Toll 样受体 (TLRs) 是对各种病原体固有免疫反应的第一线,预计将成为适应具有不同病原体负担的栖息地的物种中自然选择的目标。长颈鹿和霍加狓基因组序列的最近公布,为在复杂的栖息地多样化过程中检查广泛的陆生有蹄类动物和鲸目动物中选定的 TLR 进化提供了机会。通过直接序列比较和标准进化方法,确定了长颈鹿和密切相关物种之间七种 Toll 样受体 (TLR2、TLR3、TLR4、TLR5、TLR7、TLR9 和 TLR10) 的核苷酸和蛋白质序列多样性程度。此外,还比较了长颈鹿和相关物种之间关键 TLR 基序和结构域的模式。
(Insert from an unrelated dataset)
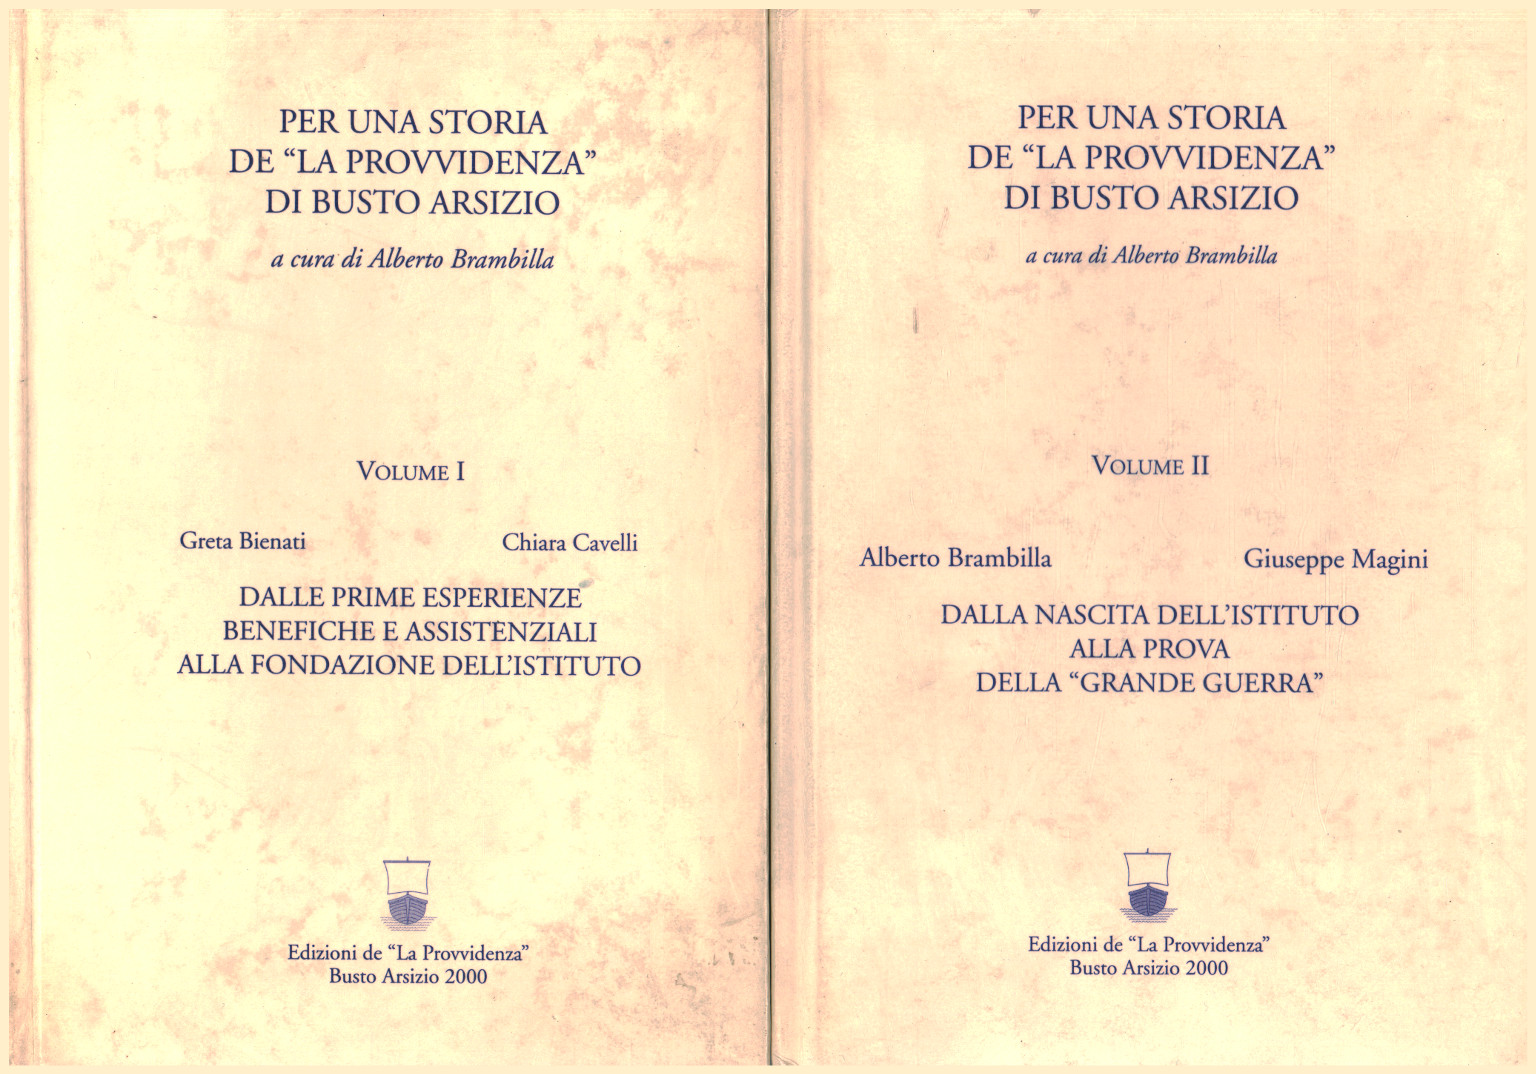 For a history of "providence" Bust Arsizi, Alberto Brambilla

还对陆生有蹄类动物和鲸目动物中 TLR 上的选择压力和分化进行了定量。
序列分析表明,长颈鹿与霍加狓和牛的所有 TLR 分析均具有 94-99%的核苷酸同一性。在一些 TLR 中,长颈鹿、霍加狓和牛之间观察到富含亮氨酸重复序列的数量发生变化。关键 TLR 结构域的模式没有显示长颈鹿、霍加狓和牛之间结构域结构有任何显著差异。选择压力的分子进化分析确定了所有 TLR 检查中的关键位点的正选择,这表明在陆生有蹄类动物和鲸目动物的进化过程中发生了普遍的进化压力。阳性选择位点的分析表明,一些位点是富含亮氨酸基序的一部分,这表明在物种特异性识别病原体相关分子模式方面具有功能相关性。值得注意的是,分支分析显示,在病毒感应 TLR3 中,陆生有蹄类动物和鲸目动物之间存在显著的选择分化。将长颈鹿 TLR3 关键取代映射到受体结构上表明,至少有一个长颈鹿改变的位点与已知在受体信号转导活性中起关键作用的 TLR3 残基重合。
在长颈鹿、霍加狓和牛之间 TLR 结构总体上具有保守性,这表明利用 TLR 途径的固有免疫反应机制在这些物种的进化过程中并没有发生很大变化。然而,更广泛的系统发育分析显示,陆生有蹄类动物和鲸目动物中存在适应性进化的迹象,包括 TLR3 观察到的选择分化。这表明,长期的生态动态导致了介导陆生有蹄类动物和鲸目动物固有免疫的机制的物种特异性创新和功能变异。